Le chef de l'Etat considère que le système semi-présidentiel portugais "a bien fonctionné", conduisant le gouvernement, en temps de crise politique, à "s'appuyer" contre le président, qui à son tour "a tendance à sortir" pendant les périodes de stabilité.

Marcelo Rebelo de Sousa occupe ce poste dans le programme Antena 1 "Service public – Bloc-notes", dirigé par la journaliste Maria Flor Pedroso, développé pour aider les étudiants à se préparer aux examens nationaux des 11e et 12e années .

Le président de la République et professeur de droit à la retraite a participé à trois épisodes spéciaux, destinés aux étudiants en histoire, sur les constitutions portugaises, de 1822 à 1976, dont le dernier sera diffusé aujourd'hui à partir de 14: 20, sur l'antenne 1.

Concernant le système semi-présidentiel inscrit dans l'actuelle Constitution de la République portugaise, le chef de l'Etat déclare: «Quand il y a stabilité dans le système des partis, le président a tendance à sortir, et c'est le parlement ou le premier ministre qui assume le plus le soulagement".

"Si, peut-être, il y a une crise entre le gouvernement et le parlement, ou entre les partis, ou sur la base du soutien du gouvernement, alors le gouvernement se penche contre le président de la République et dépend du président de la République, qui étend son pouvoir d'intervention" , il ajoute.

Marcelo Rebelo de Sousa a conclu que le système semi-présidentiel «a bien fonctionné, selon les cas, les cas dans lesquels il fonctionne d'une manière, les cas dans lesquels il fonctionne d'une autre manière, mais il a bien fonctionné avec les gouvernements successifs, qui ont déjà été nombreux, et avec présidents successifs ».
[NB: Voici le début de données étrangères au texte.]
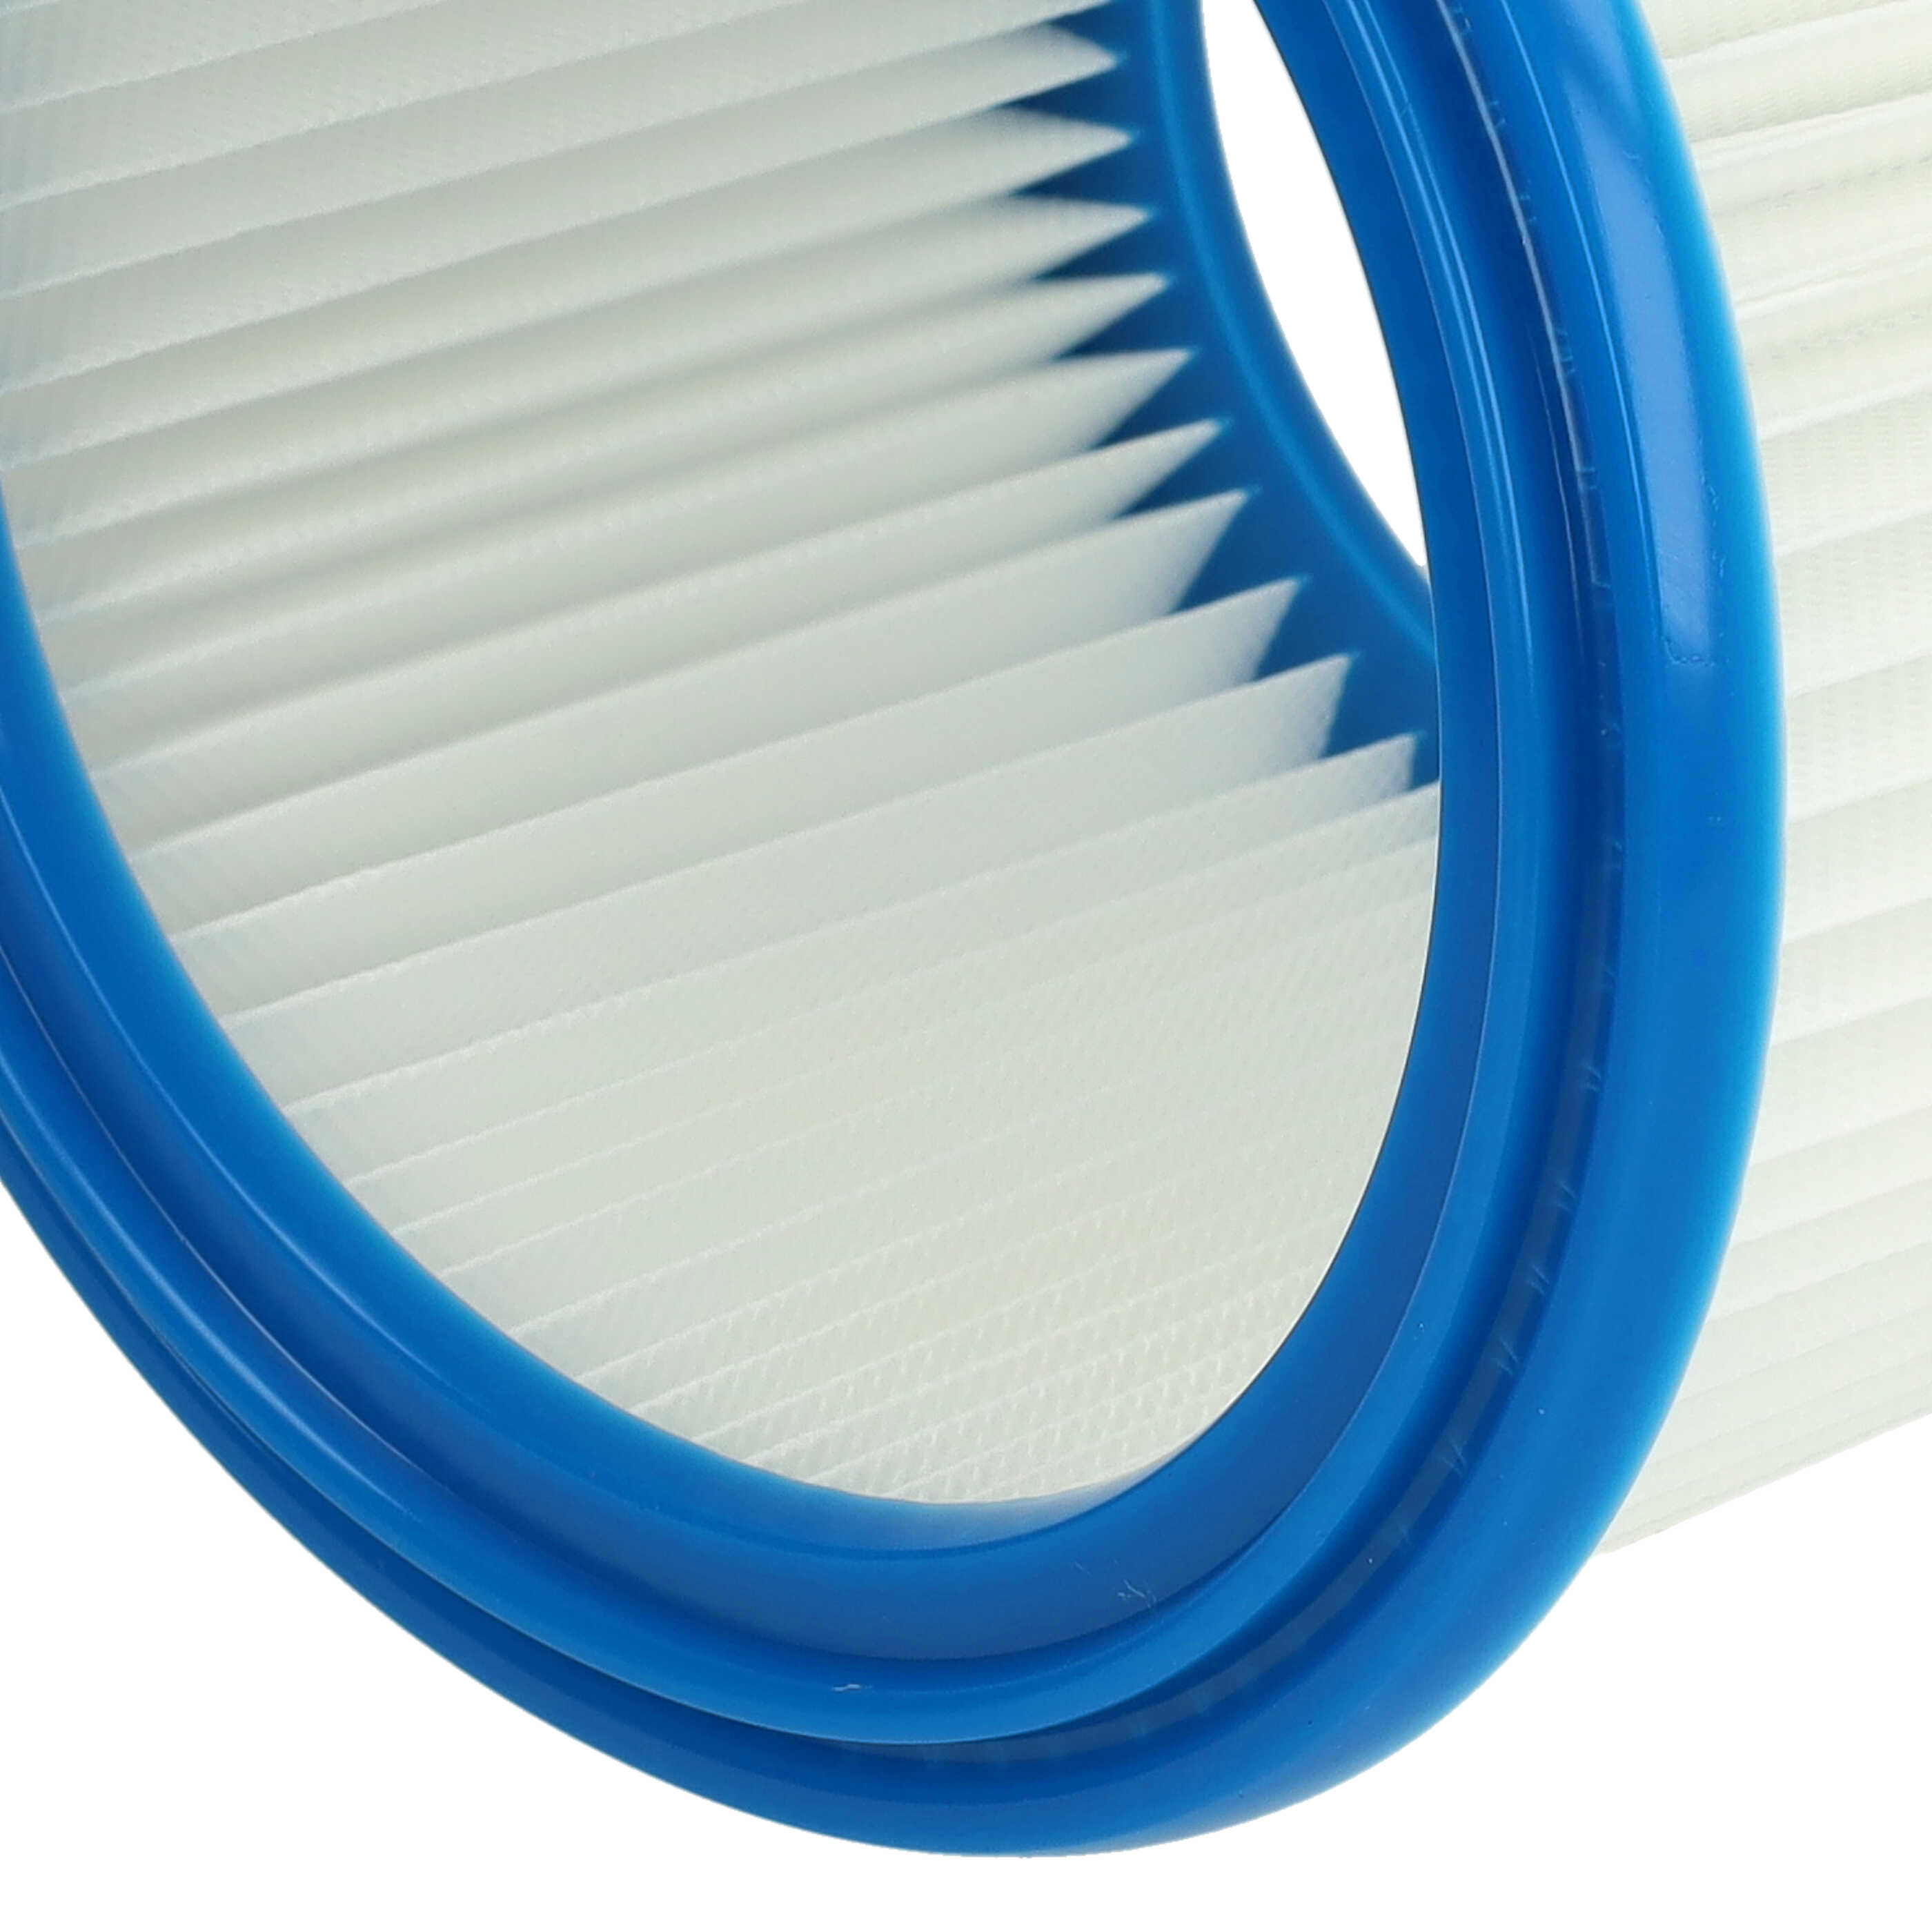 Filtr do odkurzacza Bosch zamiennik Bosch 2607432024 - filtr okrągły, biały / niebieski

A son avis, il n'est plus question au Portugal de savoir si le système «devrait être plus présidentiel ou parlementaire».

"D'une manière générale, il est entendu que cet équilibre est le plus prudent et le plus raisonnable, permettant, selon les circonstances, et nombre d'entre elles imprévues, politiques, économiques et sociales, des solutions différentes", soutient-il.

Le Président de la République a clôturé la première saison de ce programme Antena 1, «Public Service – Notepad», auquel des personnalités publiques et académiques ont été invitées, tout au long des mois de juin et juillet, à s'exprimer sur les sujets de la sujets à examiner cette année scolaire, touchés par la pandémie de covid-19.

Marcelo Rebelo de Sousa, qui a pris la direction de l'Etat le 9 mars 2016, est dans la dernière année de son mandat et aura le pouvoir de dissoudre le parlement suspendu au cours des six derniers mois, à partir de septembre.

Toujours sans tenir pour acquise sa candidature à l'élection présidentielle de 2021, le président de la République a promis d'annoncer sa décision «là pour novembre».

Le 13 mai, lors d'une visite à Autoeuropa, Marcelo Rebelo de Sousa a entendu le Premier ministre affirmer qu'il espérait revenir dans cette usine avec l'actuel président de la République dès un second mandat, comptant ainsi sur sa réélection et sa réélection.

«Nous surmonterons cette pandémie et ses effets économiques et sociaux, cette année, l’année prochaine, dans les années à venir. Et je serai là, et nous serons tous là, car c'est un esprit d'équipe qui s'est formé et que rien ne cassera. Nous serons ici cette année et dans les années à venir pour construire un meilleur Portugal », a alors déclaré le chef de l'Etat.

Élu au premier tour de l'élection présidentielle du 24 janvier 2016 avec 52% des voix, Marcelo Rebelo de Sousa a vécu ses trois premières années et demie au pouvoir avec un gouvernement minoritaire du PS soutenu par des accords de gauche sans précédent au parlement. Il s'est manifesté dès le début attaché à la stabilité et a vu la législature prendre fin.

Dans cette nouvelle législature, le PS a obtenu un vote renforcé dans les législatures du 6 octobre 2019, mais là encore sans majorité absolue, et en a formé une qui n'est soutenue par aucun accord écrit, condition que le président de la République lui-même jugeait inutile et que le Le PCP l'a rejeté, António Costa ayant choisi de ne favoriser aucun des partenaires de gauche.

IEL // SF

Le gouvernement content, en crise, «penche» contre le président, qui «tend à disparaître» dans la stabilité – Marcelo apparaît le premier à Visão.